Wardha conference and the only member to oppose it made it quite clear that this scheme would
require huge amount business acumen of management of goods and their sale. An embargo against
foreign goods would be in keeping with the nationalistic feelings but it this policy would also harm the
existing professional artisans and give them competition. In an article in Harijan an anonymous reader
pointed out that this would legalize child labour and schools and colleges should be places where the
young minds should be taught about the values rather than the prices. Rabindranath Tagore pointed
out that this teaching does not promote the childs aesthetic and creative powers and assume that
material utility, rather than development of personality, is the end of education.
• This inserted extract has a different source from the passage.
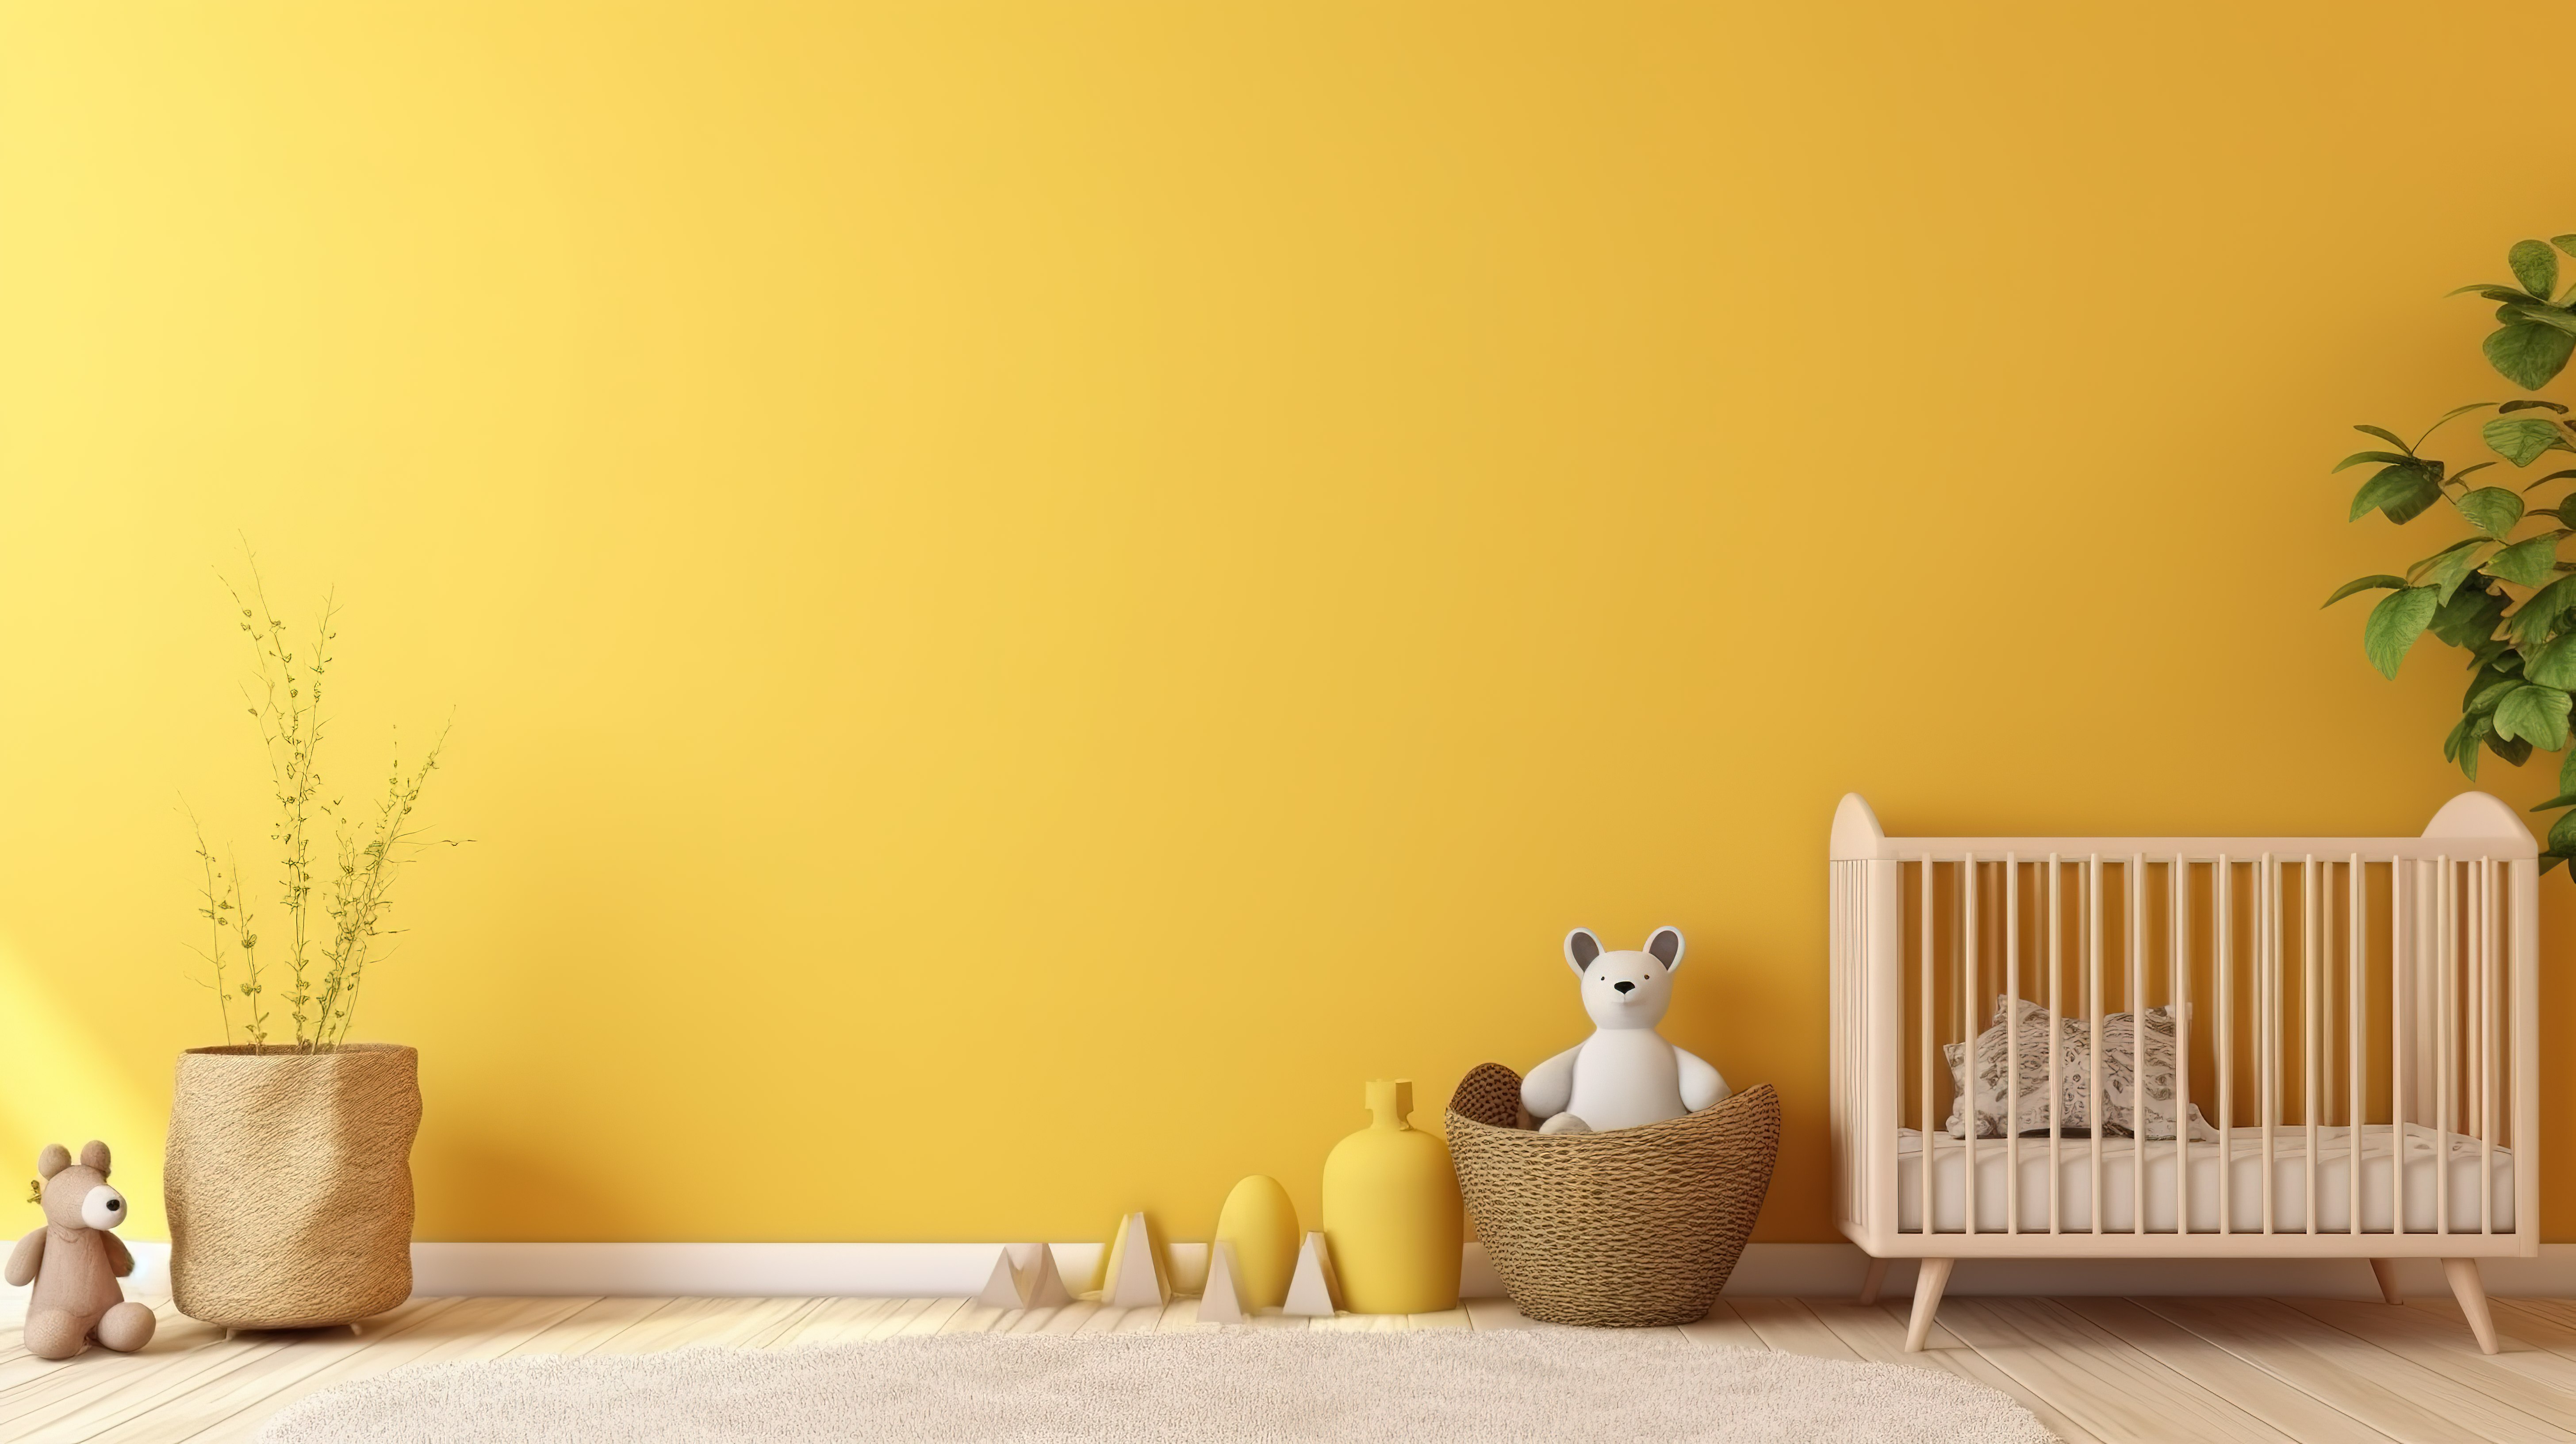 婴儿房间的 3D 渲染内部展示了婴儿床，旁边是简约的黄色墙壁图片

The kind of social transformation that Gandhi was calling for was primarily an inner moral
transformation, one which placed as paramount the need for a conscious simplicity and self-imposed
limitation. This limitation Gandhis scheme on the intellectual, scientific, economic and even social
spheres were therefore clearly unacceptable to the modernist mindset. The question that was asked:
who would seriously want to give up the manifold benefits of modern life and take up a hard life of
manual work? In contrast to Gandhis radical policy of change, his detractors of the educational
policy would see it to be medieval and conservative. But the dominant nationalistic feelings and to
some extent the politics of the dominant elite political class would combat the Gandhian opponents
and create a middle path for the basic education. But by the very act of negating the voice of the
Other, by trying to efface it, they contributed to its recognition.